In [1]:
import spacy
import pandas as pd

##### Features of SpaCy:
* **Tokenization**: segmenting text into words, punctuation marks, etc.

* **Part-of-Speech (PoS) Tagging**: assigning word types to tokens, like verb or noun.

* **Dependency Parsing**: assigning syntactic dependency labels, describing the relations between individual tokens, like subject or object.

* **Lemmatization**: assigning the base forms of words.

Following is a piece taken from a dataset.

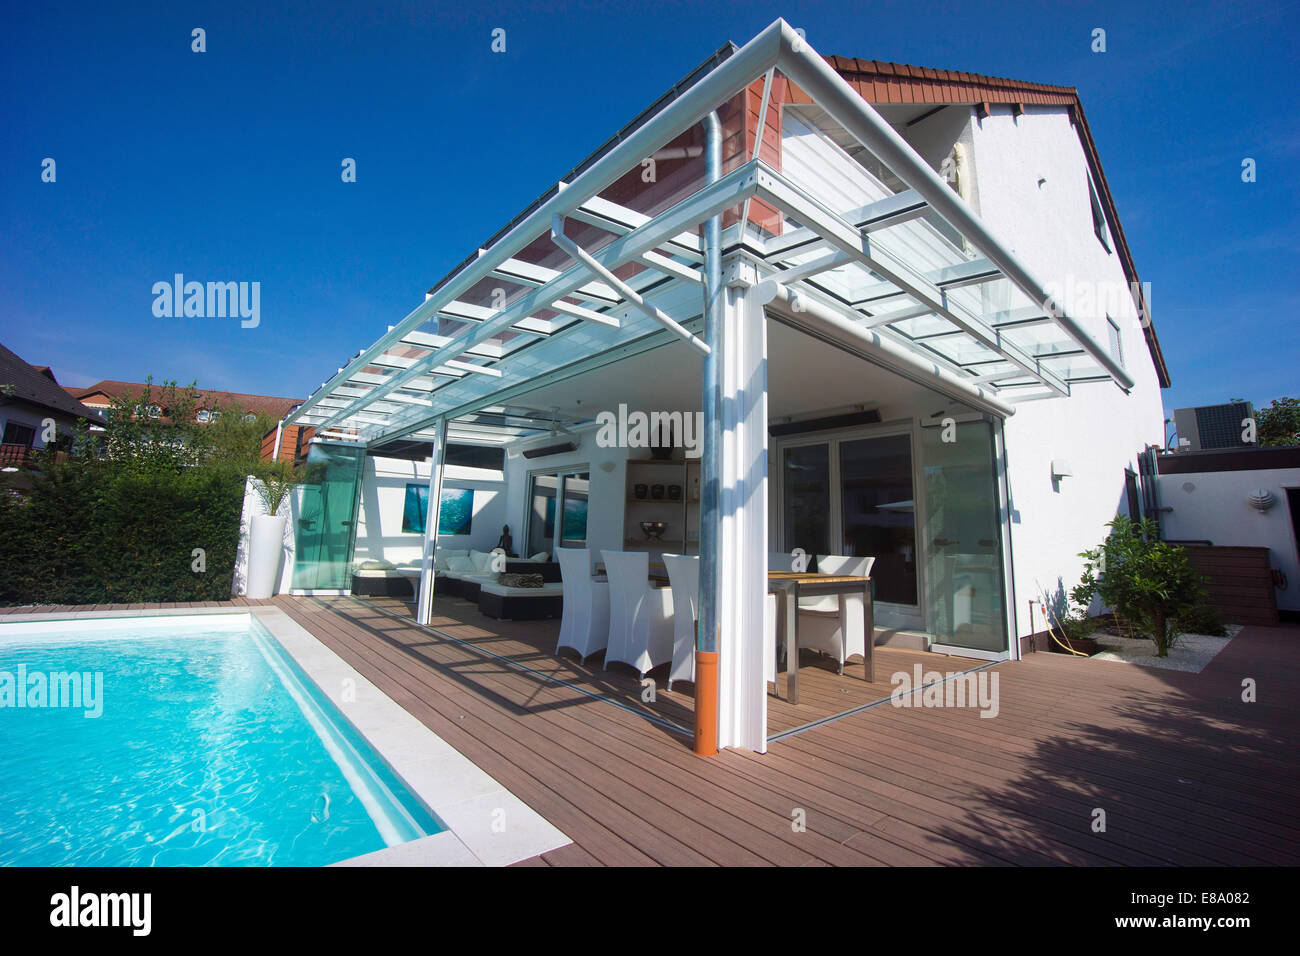 Chalet privado con un conservatorio, una piscina y una terraza, Alemania Foto de stock

For example, the lemma of "was" is "be", and the lemma of "rats" is "rat".

* **Sentence Boundary Detection (SBD)**: finding and segmenting individual sentences.

* **Named Entity Recognition**: labelling named "real-world" objects, like persons, companies, or locations.

* **Entity Liking**: disambiguating textual entities to unique identifiers in a knowledge base.

* **Similarity**: comparing words, text spans and documents and how similar they are to each other.

* **Text Classification**: assigning categories or labels to a whole document, or parts of a document.

* **Rule-based Matching**: finding sequences of tokens based on their texts and linguistic annotations, similar to regular expressions.

* **Training**: updating and improving a statistical model's predictions.

* **Serialization**: saving objects to files or byte strings.

In [2]:
spacy.cli.download("en_core_web_sm")

Collecting en-core-web-sm==3.8.0
  Downloading https://github.com/explosion/spacy-models/releases/download/en_core_web_sm-3.8.0/en_core_web_sm-3.8.0-py3-none-any.whl (12.8 MB)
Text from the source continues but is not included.